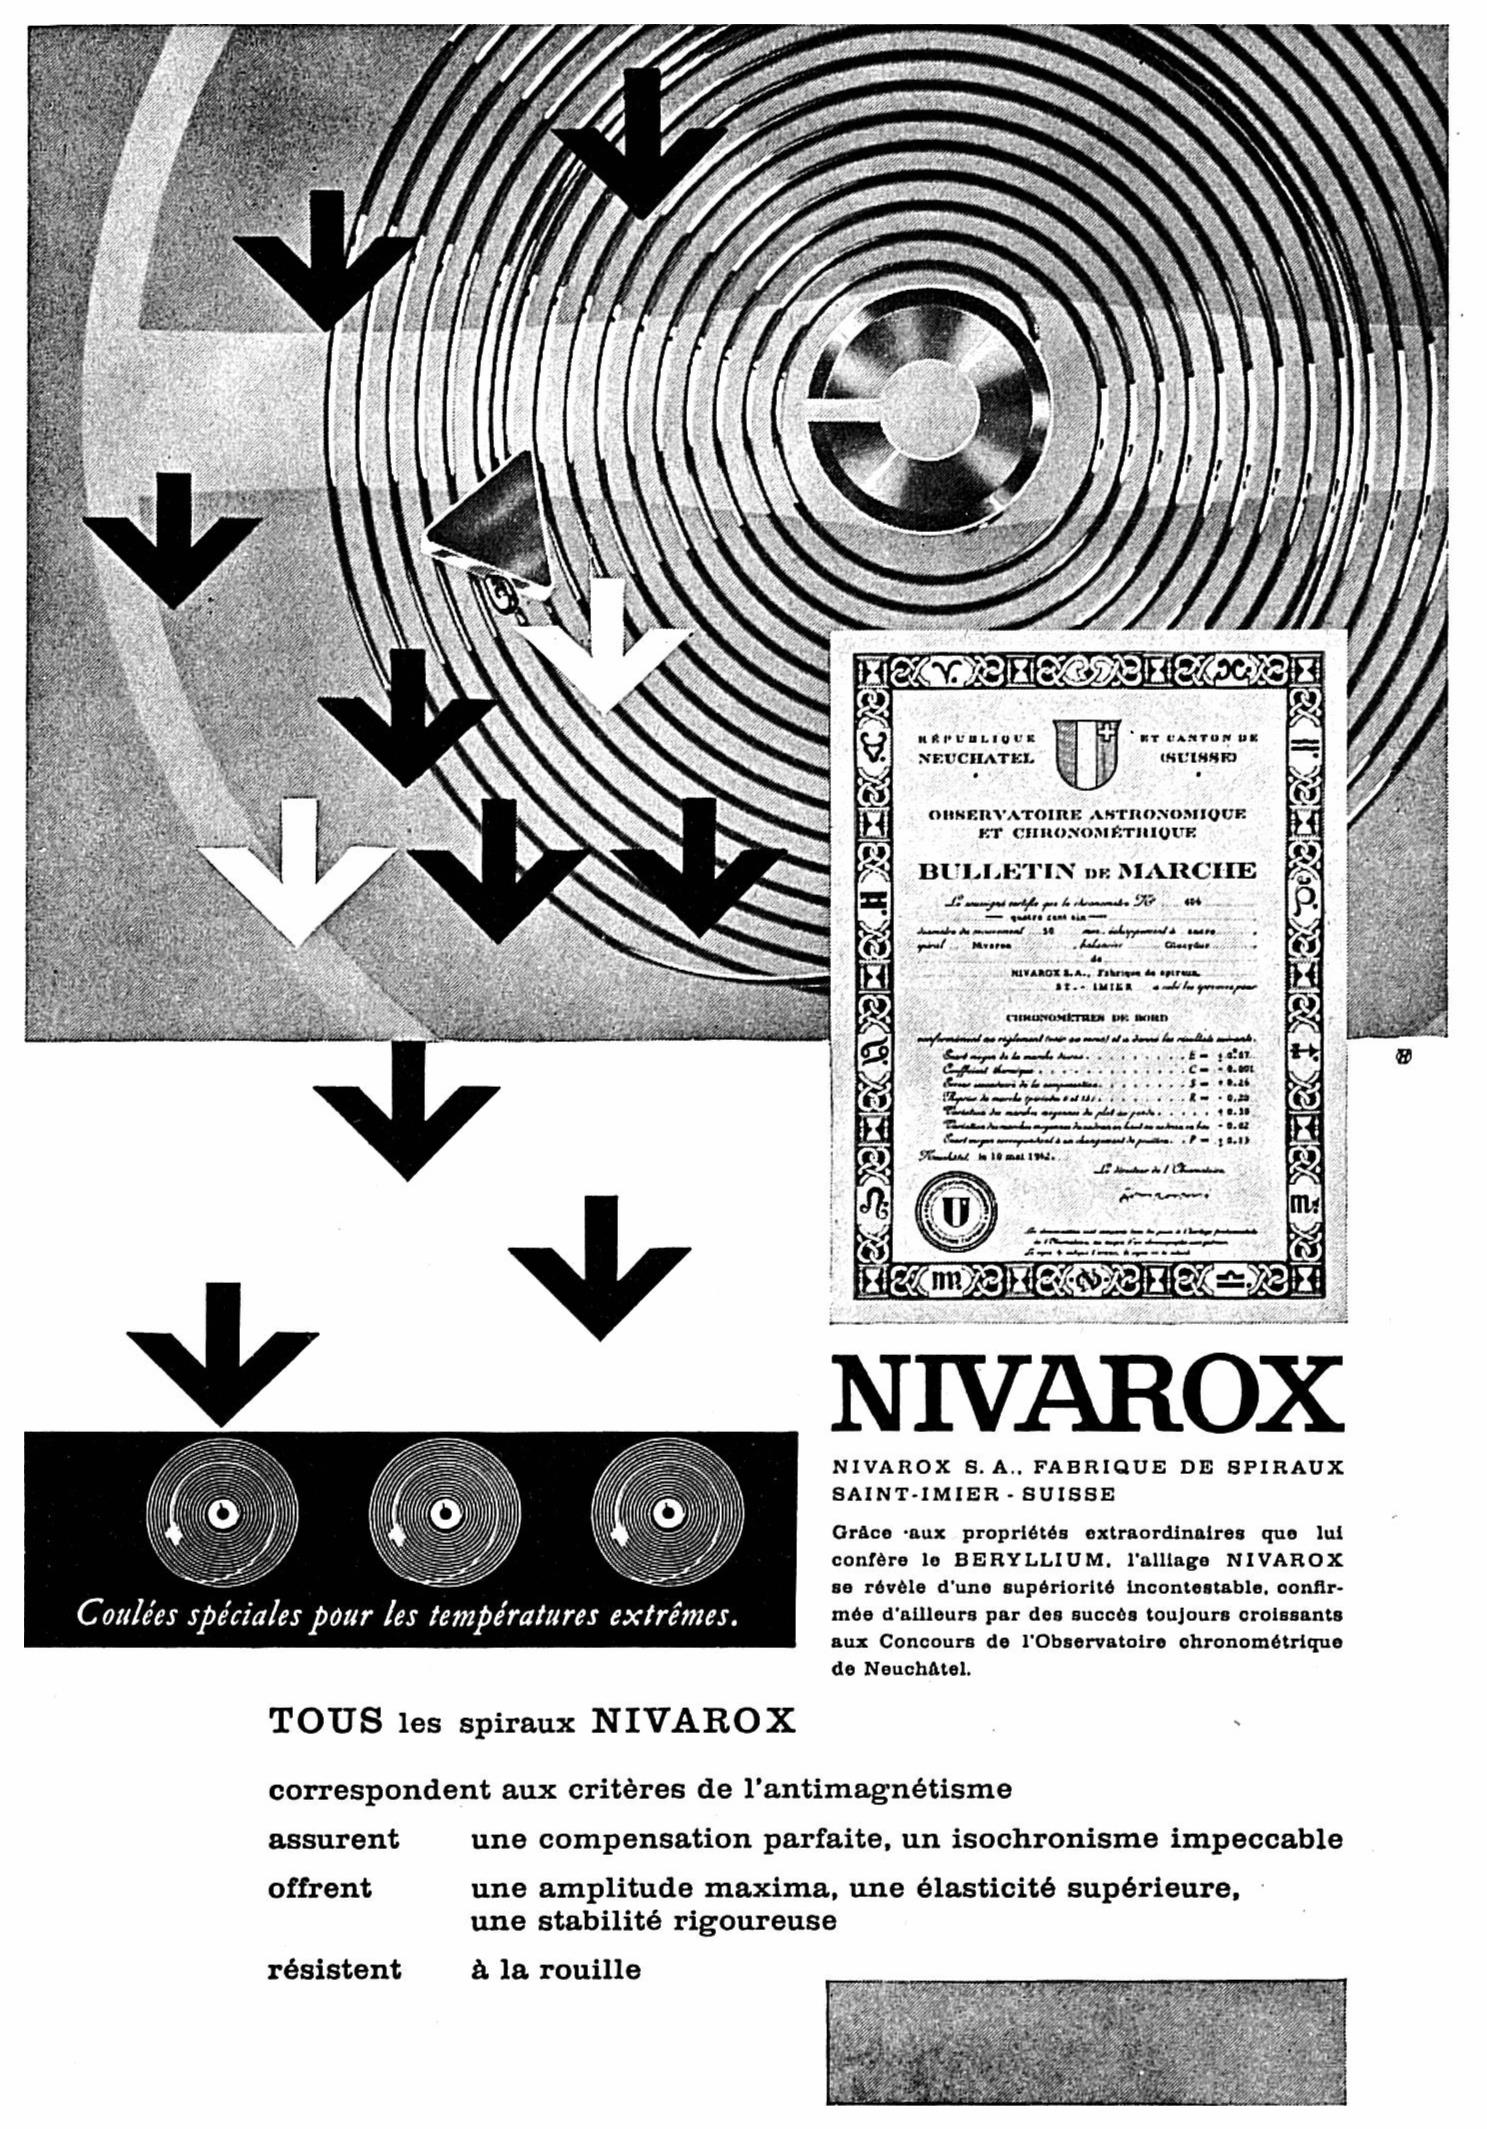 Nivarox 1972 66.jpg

--

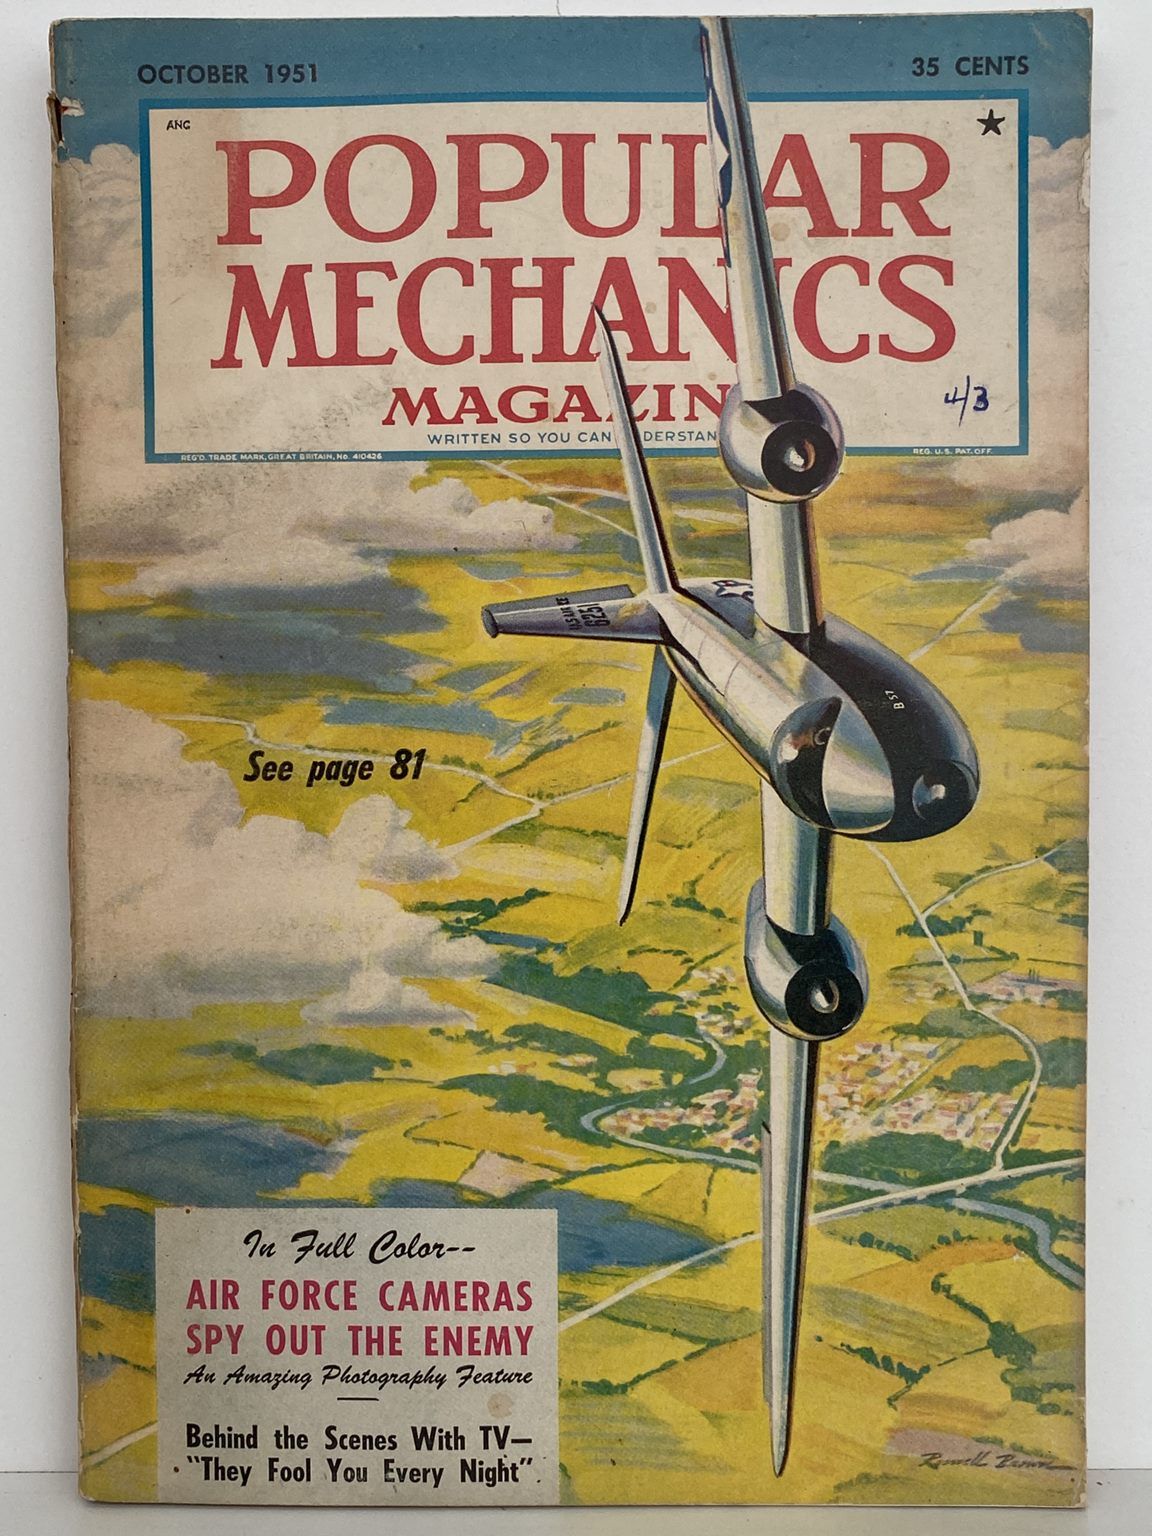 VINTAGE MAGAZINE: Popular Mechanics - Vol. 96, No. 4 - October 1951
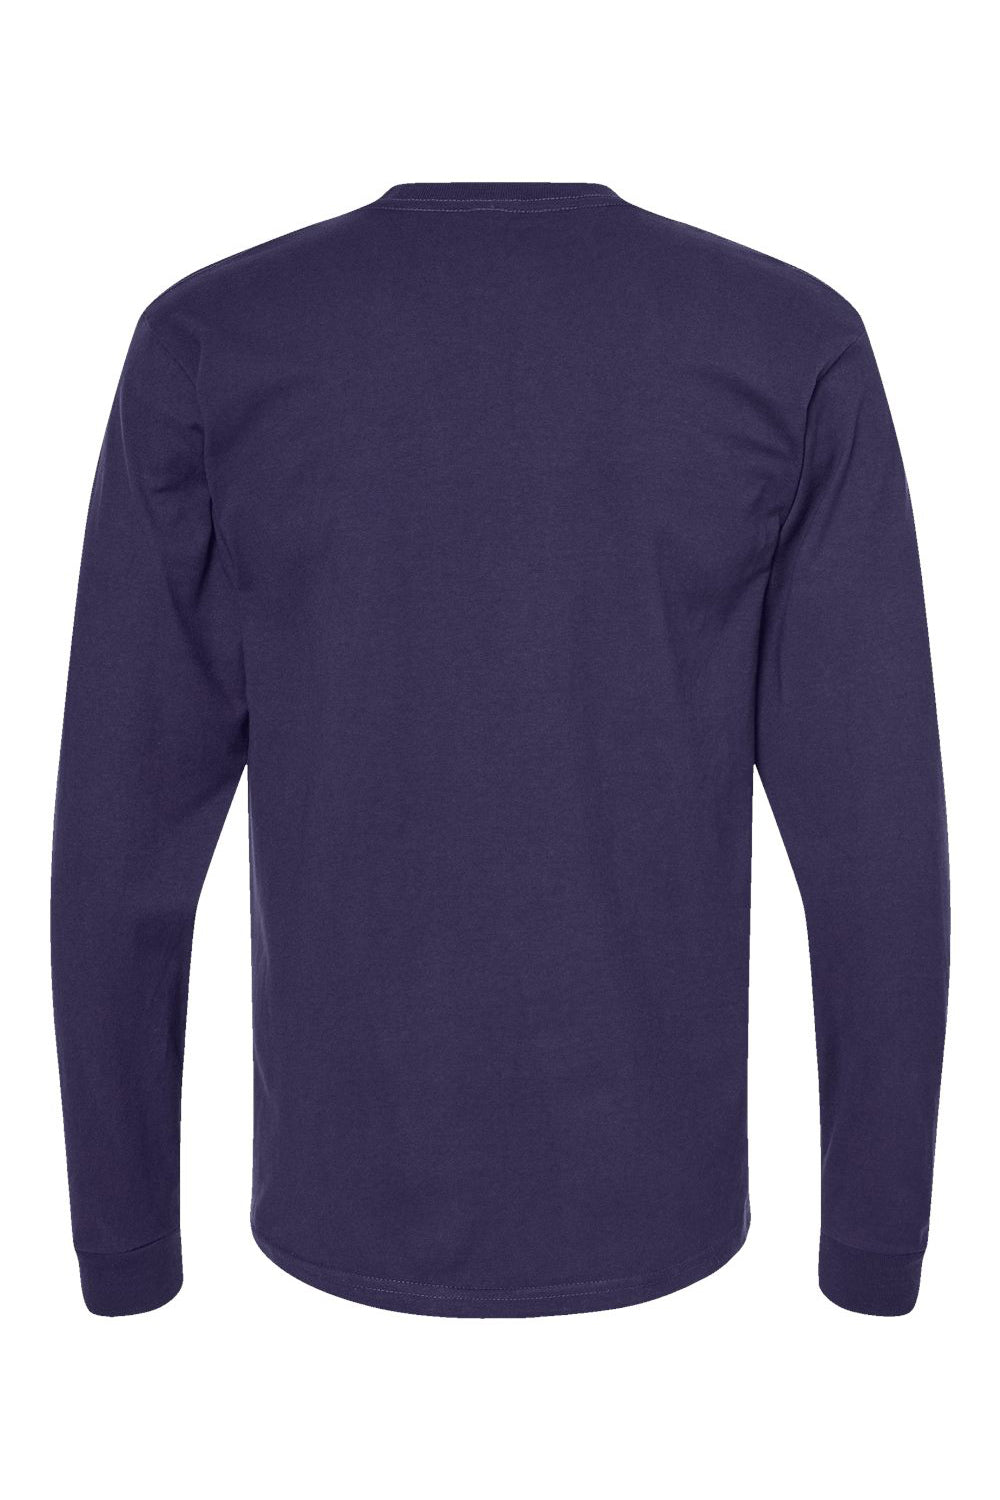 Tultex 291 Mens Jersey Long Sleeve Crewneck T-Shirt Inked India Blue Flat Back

# EXERCISE
The data above holds the lines to copy: start at the one with "VINTAGE MAGAZINE: Popular", stop at the one with "Tultex 291 Mens", include both, copy them exactly without pictures, and copy nothing else.

# EXPECTED ANSWER
 VINTAGE MAGAZINE: Popular Mechanics - Vol. 96, No. 4 - October 1951
 Tultex 291 Mens Jersey Long Sleeve Crewneck T-Shirt Inked India Blue Flat Back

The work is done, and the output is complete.